То, что я читал в питье, никогда не было о жажде. В поле стояли корыта. Колодец был в сотне метров. Они могли пить в любое время, когда надсмотрщик позволял, а позволял он часто. Мой отец требовал поения так же, как требовал корма, потому что обезвоженное животное — повреждённое животное, а повреждение стоит денег. Фляга давала им не воду. Она давала руку. Руку Хозяина, наклоняющую металл, тень Хозяина, падающую на коленопреклонённое тело, архитектуру стоящего над склонённым, которую вода делала зримой. Я стоял. Они стояли на коленях. Вода падала. Они брали то, что я давал.
Я двинулся вдоль ряда. Каждое тело одинаковое в позе, каждая фигура своя в питье: глубокие, медленные глотки ветеранов, переваривших этот ритуал во что-то ниже мысли, и более быстрые, тугие глотки молодняка, что ещё держал напряжение в челюстях. У одного кадык дёрнулся четыре раза и замер. Другой пил, пока вода не побежала из уголков рта, и отстранился с тихим, сдержанным вздохом.
Молодой бык был ближе к концу ряда. Свежий молодняк, бледный на предплечьях, где солнце ещё не доделало работу, мышцы прорисованы, но ещё не налиты той плотной массой, что нарастят годы перетаски. Он пил слишком быстро. Вода ударила в заднюю стенку горла, и он закашлялся, брызги воды по моему запястью, холодные, неожиданные в жаре.
Он замер. Кашель оборвался, будто кто-то закрыл клапан. Всё его тело заклинило в позе с жёсткостью, отличной от неподвижности ветеранов: не устоявшееся терпение выученной мышцы, а схваченная окоченелость животного, что совершило ошибку перед Хозяином и ждёт, когда обрушится небо.
Я снова наклонил флягу.
Сдвиг в его лице я уже видел у жеребят, что вздрагивают от поднятой руки, а потом понимают, что рука несёт зерно. Челюсть ослабла на полсантиметра. Плечи опустились — немного, но достаточно. Он пил снова, медленнее на этот раз, горло работало с осторожностью, не имевшей ничего общего с техникой и всё общее со вторым шансом. Я похлопал его по макушке, проходя мимо, — быстрое касание плоской ладонью, такое, какое даёшь, не решив дать, рука делает то, что рука делает рядом с животным, которое тебя порадовало. Я был уже у следующего животного, когда услышал звук за спиной. Не слово. Вибрацию в его горле, беззвучную, сжатую ниже любой частоты, что можно было бы назвать языком. Механизм выражал себя. За миг до того, как я отступил, мой глаз ухватил остальное, что сделала моя рука: член у его бедра набух на сантиметр, а за головой оба кулака побелели от сжатия. Первое я прочёл как расписку тела за руку. Второе списал на позу — новичок ещё учится держать положение. Оба прочтения позволили мне идти дальше.

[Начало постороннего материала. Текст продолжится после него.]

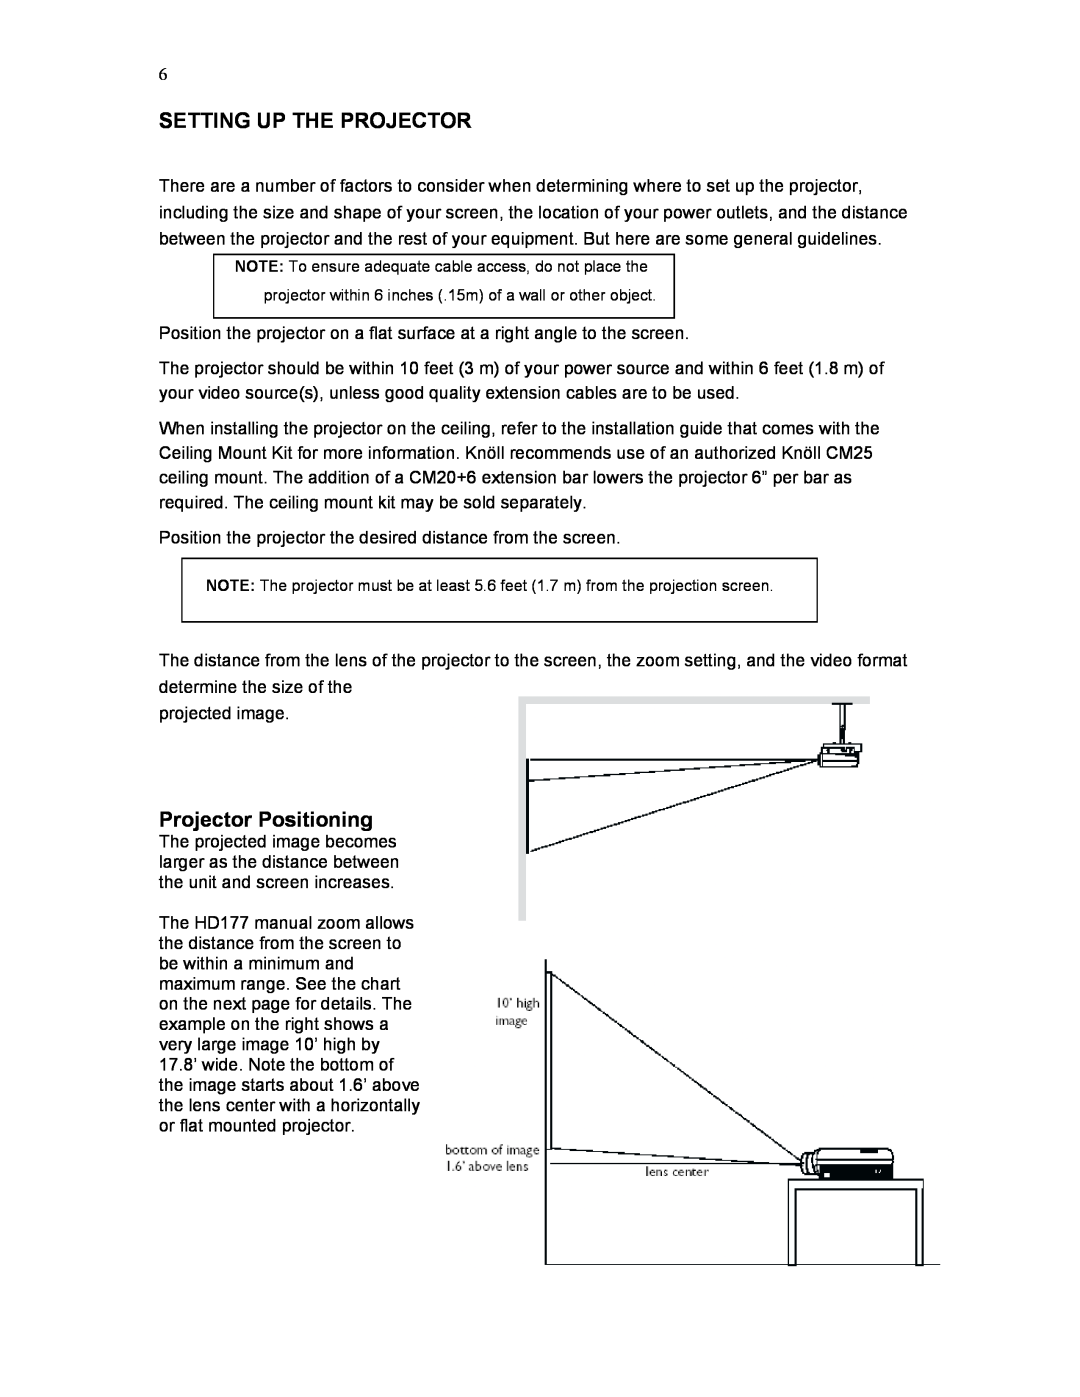 Knoll Systems HD177 user manual Setting Up The Projector, Projector Positioning

Я напоил каждое тело в ряду. Когда я закончил, двадцать четыре коленопреклонённые фигуры держали свои положения в глубочайшей тишине дня. Ни одна мышца не дрогнула. Ни один глаз не поднялся. Тишина держалась всё время, что мне понадобилось закрыть флягу и пойти обратно к ограде, а потом за спиной, так тихо, что это могла быть и трава, — общий выдох двух дюжин грудей, отпускающих дыхание, что они держали с того мгновения, как мои сапоги коснулись земли.
Ярмо
Имя водоноса было номером. Его назначением было ярмо.
Я смотрел на него от ограды, пока он шёл своим маршрутом: колодец — поле, поле — колодец, тропа, протоптанная в траве сотней повторений в день, каждый день, борозда в земле постоянная, как дорога. Он шёл враскачку, как тягловая лошадь, что таскала этот путь так долго, что каждая зря потраченная калория вытравлена из шага. Ярмо лежало поперёк его плеч — деревянный брус с верёвкой на каждом конце, на ней по ведру. Дерево протёрло борозды в его трапециях, не временные следы, а постоянные русла, мышца выгнулась вокруг давления бруса, как дерево растёт вокруг проволоки. Ярмо отлило его. Плоть приняла форму.

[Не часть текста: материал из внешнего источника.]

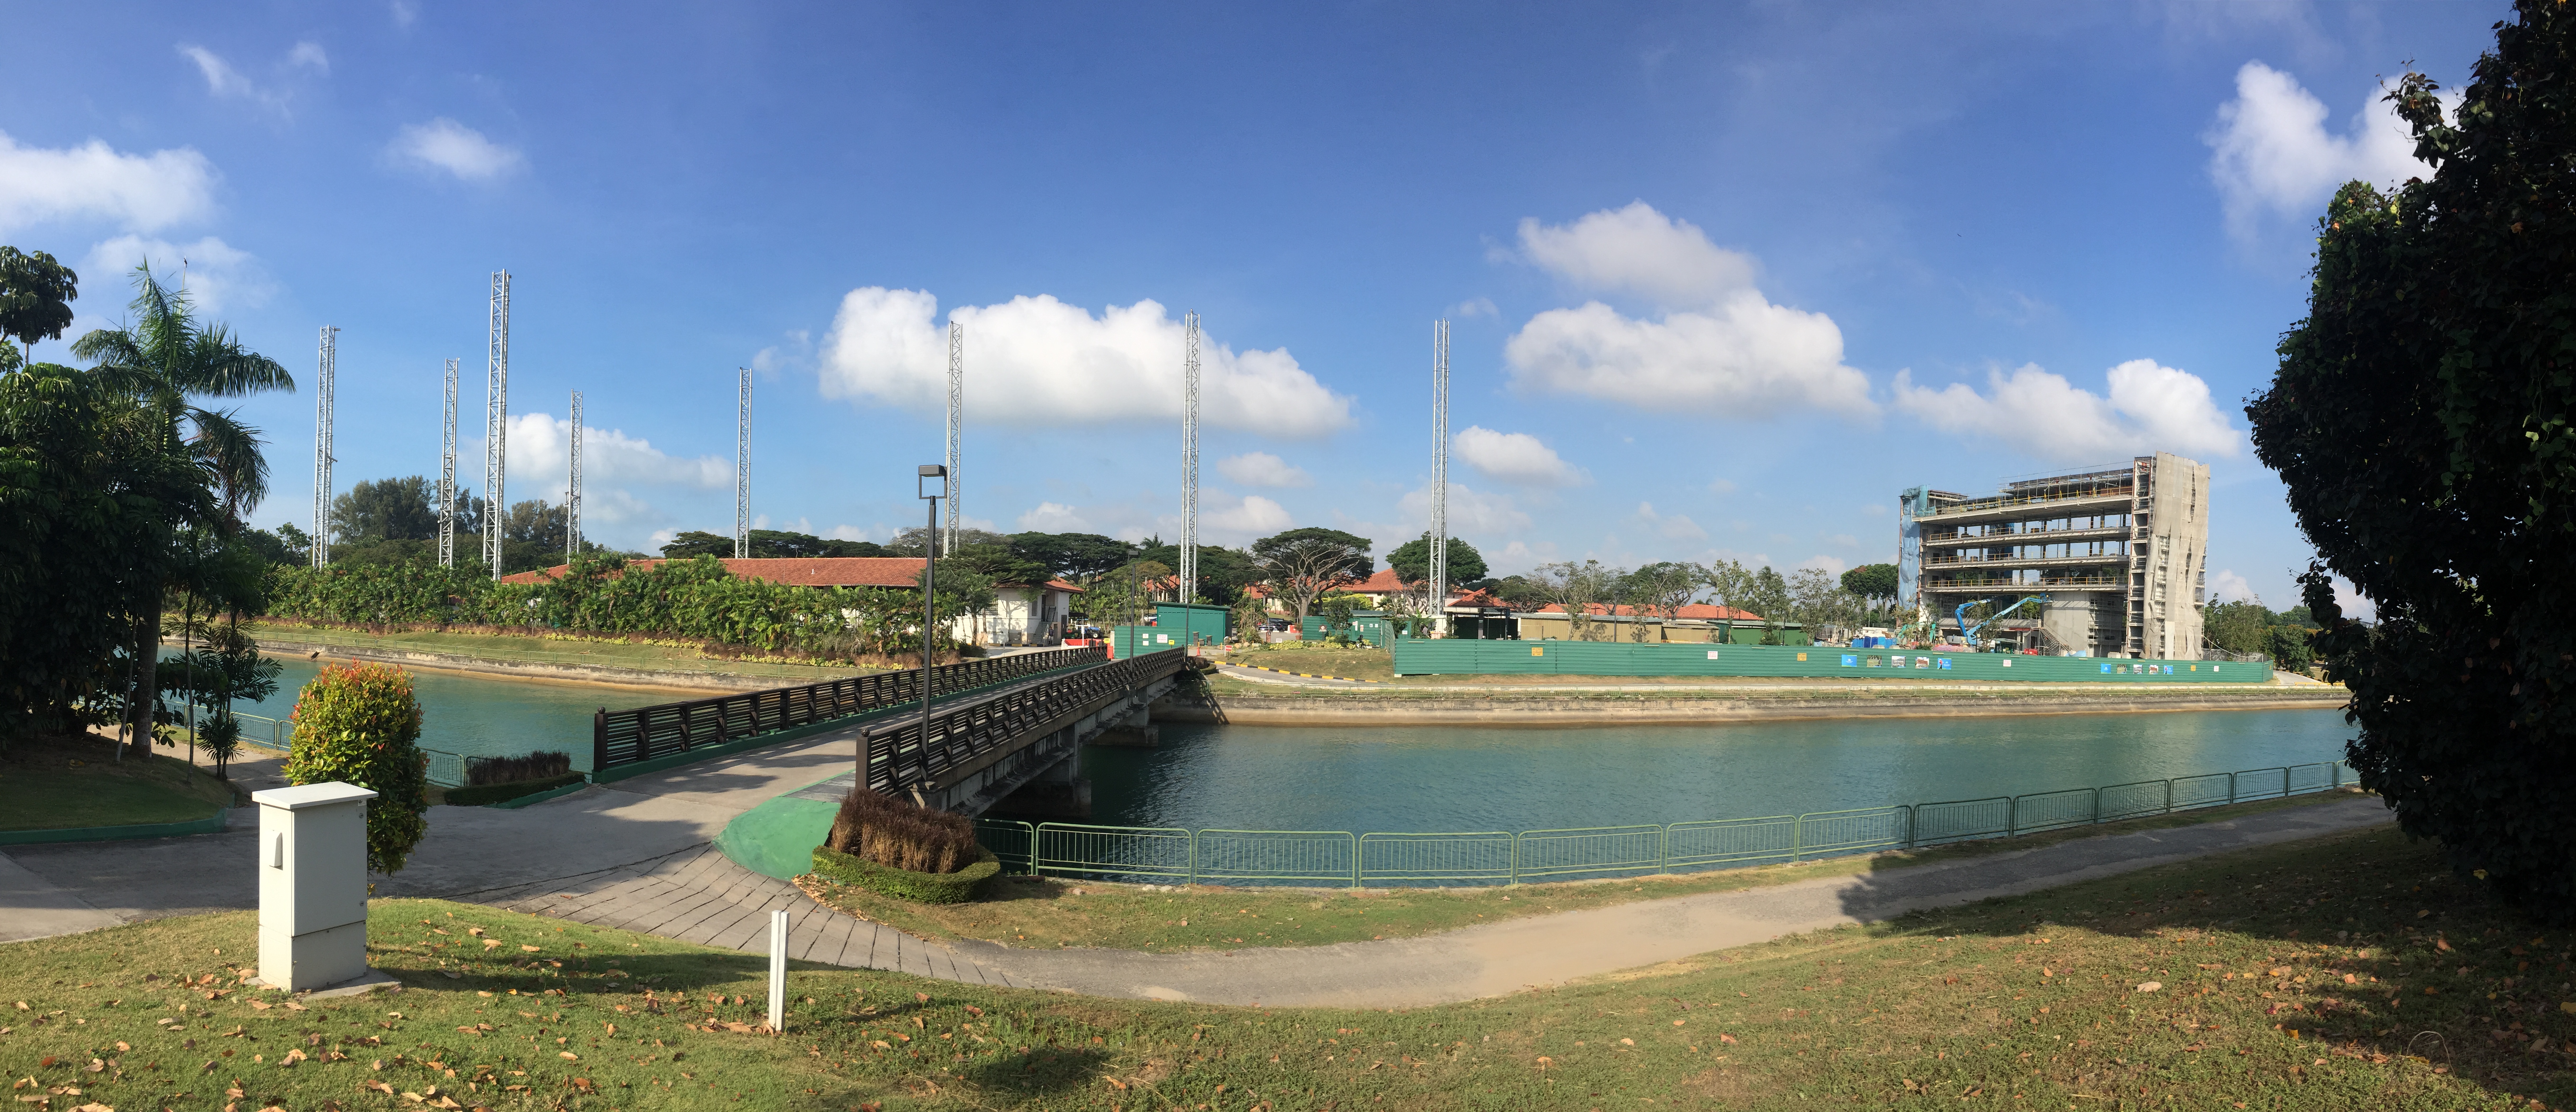 Overview of golf driving range construction site beside the canal

Механика была точной. На подъёме он подавался вперёд, вес вёдер уравновешивался углом позвоночника, и вода почти не плескалась. На спуске откидывался назад, тот же инстинкт, та же тишина в вёдрах. Ноги находили тропу, не глядя, потому что глаза перестали видеть тропу тысячу ходок назад. Подошвы ног были чёрными, растрескавшимися, широкими от лет голой земли, каждый палец растопырен, как корень, цепляющийся за почву.
Мой отец объяснил бы экономику, и поскольку голос отца всегда звучал у меня в голове на поле, я слышал объяснение, говорил он его или нет. Мул тянет ровнее. Меньше расплёскивает. Но мул ест зерно, его надо ковать каждые шесть недель, он лягается так, что это стоит тебе ключицы смотрителя. Труба была бы эффективна, но местность между колодцем и южным полем падает на двенадцать метров по битому камню, а трубы трескаются в мороз и требуют водопроводчика, что берёт почасово. Раб был компромиссом между инфраструктурой и скотиной. Труба с ногами. Насос с пульсом. Система, что чинила собственные ступни, ела из того же корыта, что остальное стадо, и ни разу не выставила счёта. Отец никогда не покупал мула, без которого мог обойтись.
Водонос дошёл до полевой бригады. Коленопреклонённые рты открылись, как на единой петле. Ведро наклонилось, и вода полилась прямо в ждущие глотки. Ни кружек. Ни черпака. Кто-то ловил поток открытым ртом, лакая струю, как псы. Другие пили долгими, медленными тягами, что выглядели для меня чем-то близким к благодарности. Излишек стекал по подбородкам, по грудям и темнил землю между раздвинутых колен. Водонос на них не смотрел. Они не смотрели на него. Признание между источником и ртом — структурное, не личное.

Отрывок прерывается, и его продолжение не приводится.